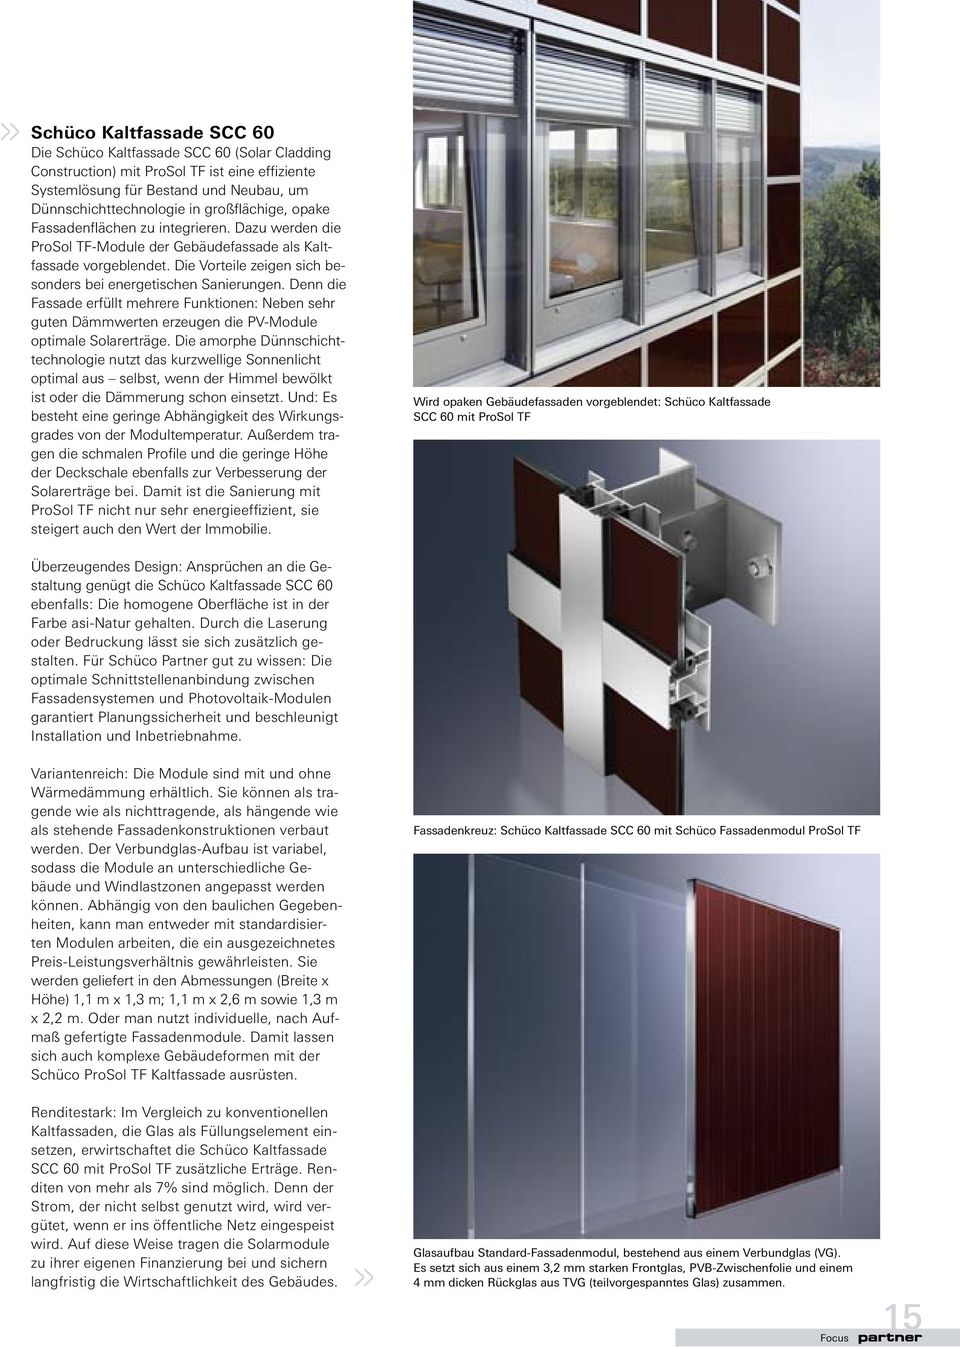 Denn die Fassade erfüllt mehrere Funktionen: Neben sehr guten Dämmwerten erzeugen die PV-Module optimale Solarerträge.
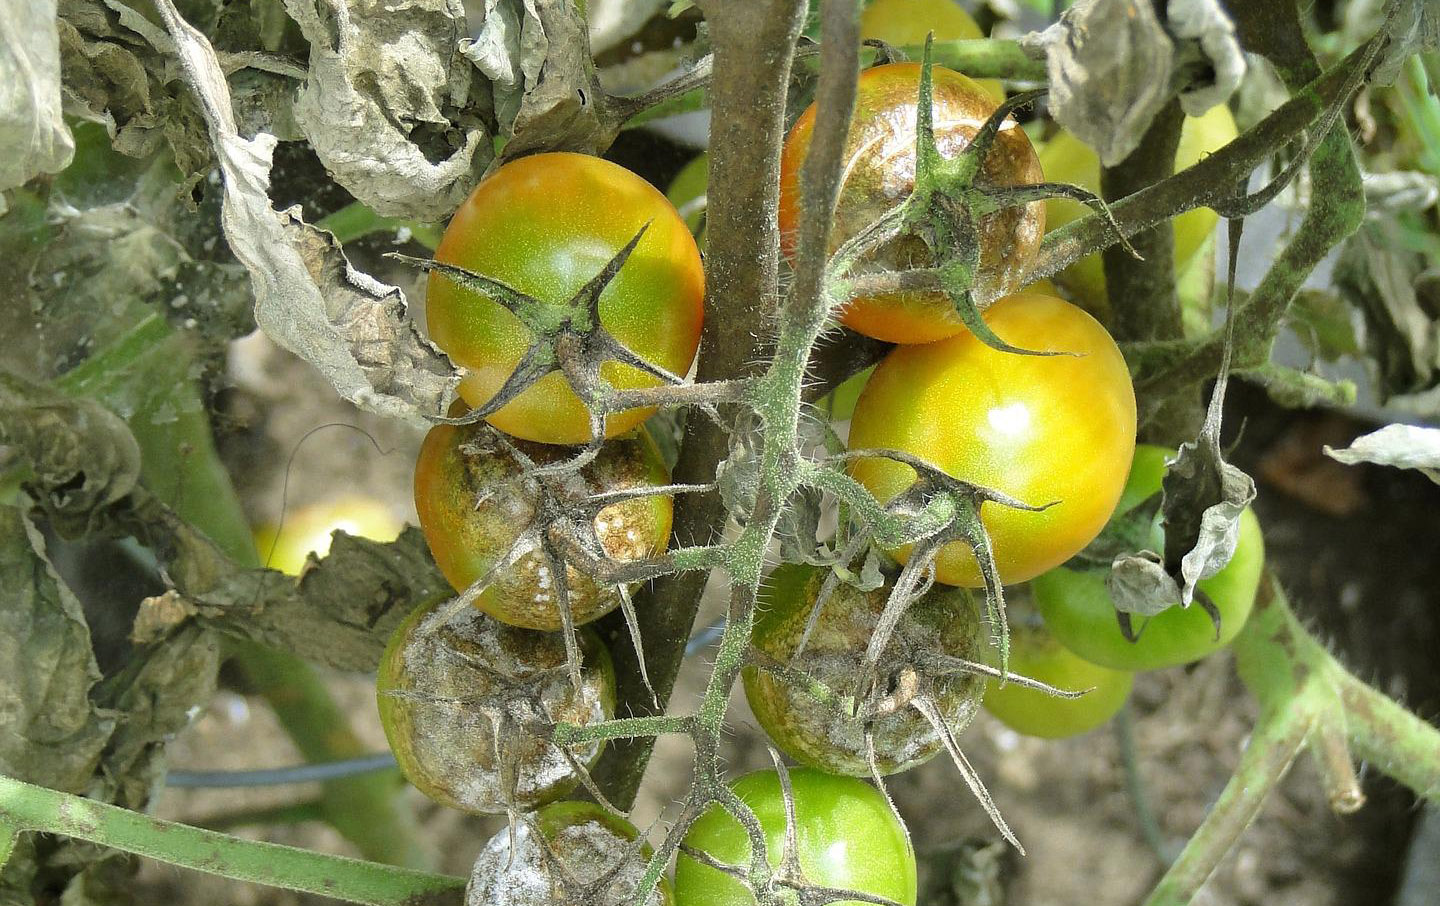 Tomato blight in garden.
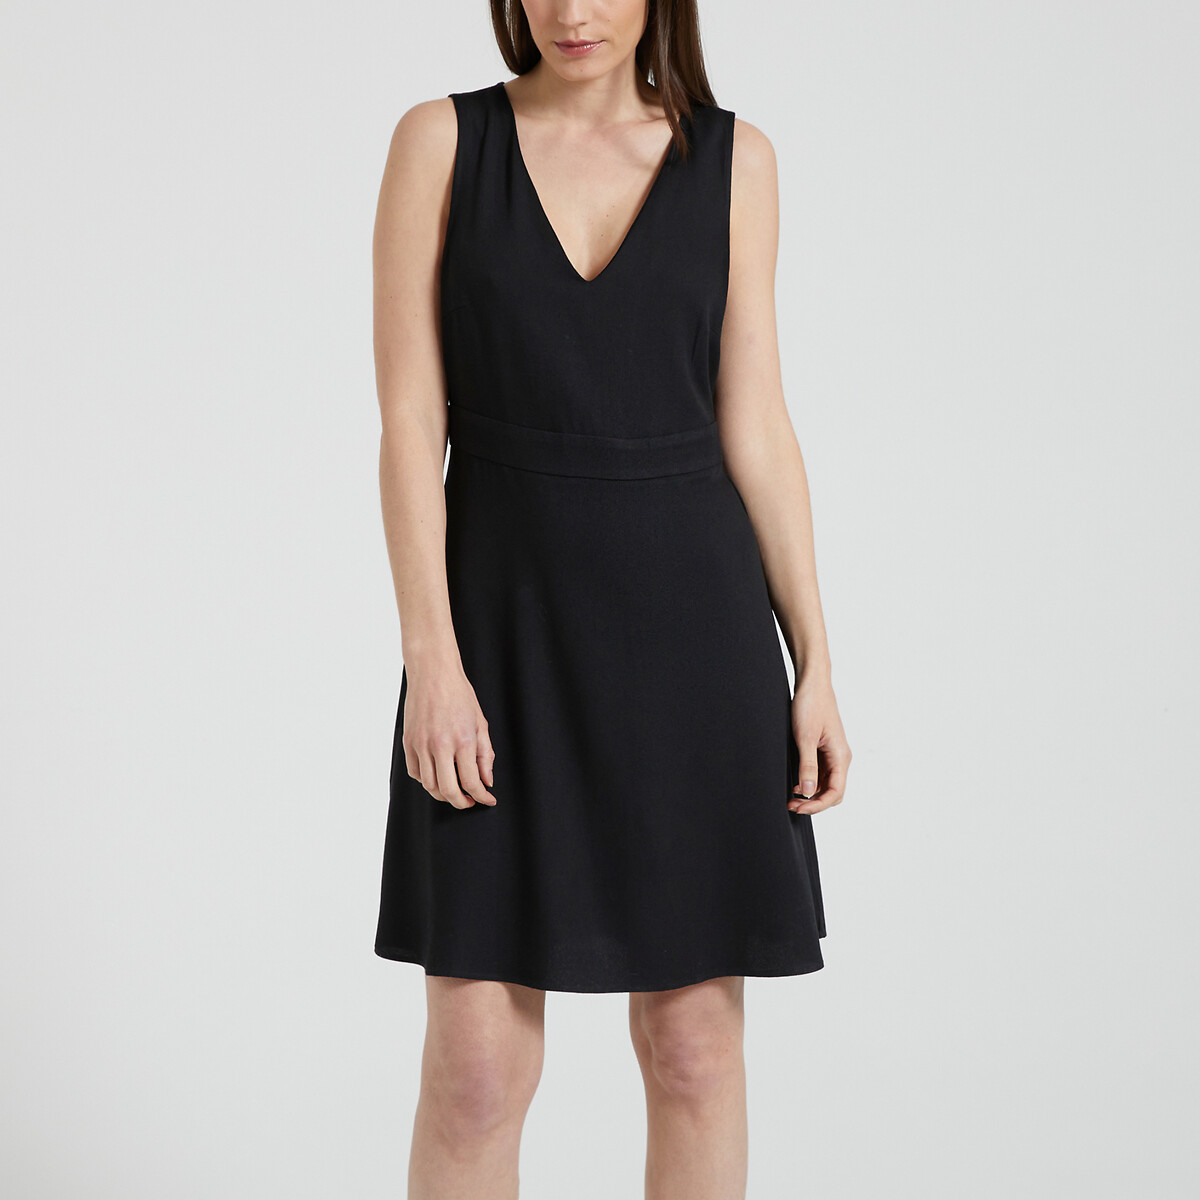 Платье короткое со спинкой из кружева  46 черный LaRedoute, размер 46 - фото 1

+ + + + + + +

From the first line to the last, write out the data above exactly. Omit the pictures.

 Denn die Fassade erfüllt mehrere Funktionen: Neben sehr guten Dämmwerten erzeugen die PV-Module optimale Solarerträge.
 Tomato blight in garden.
 Платье короткое со спинкой из кружева  46 черный LaRedoute, размер 46 - фото 1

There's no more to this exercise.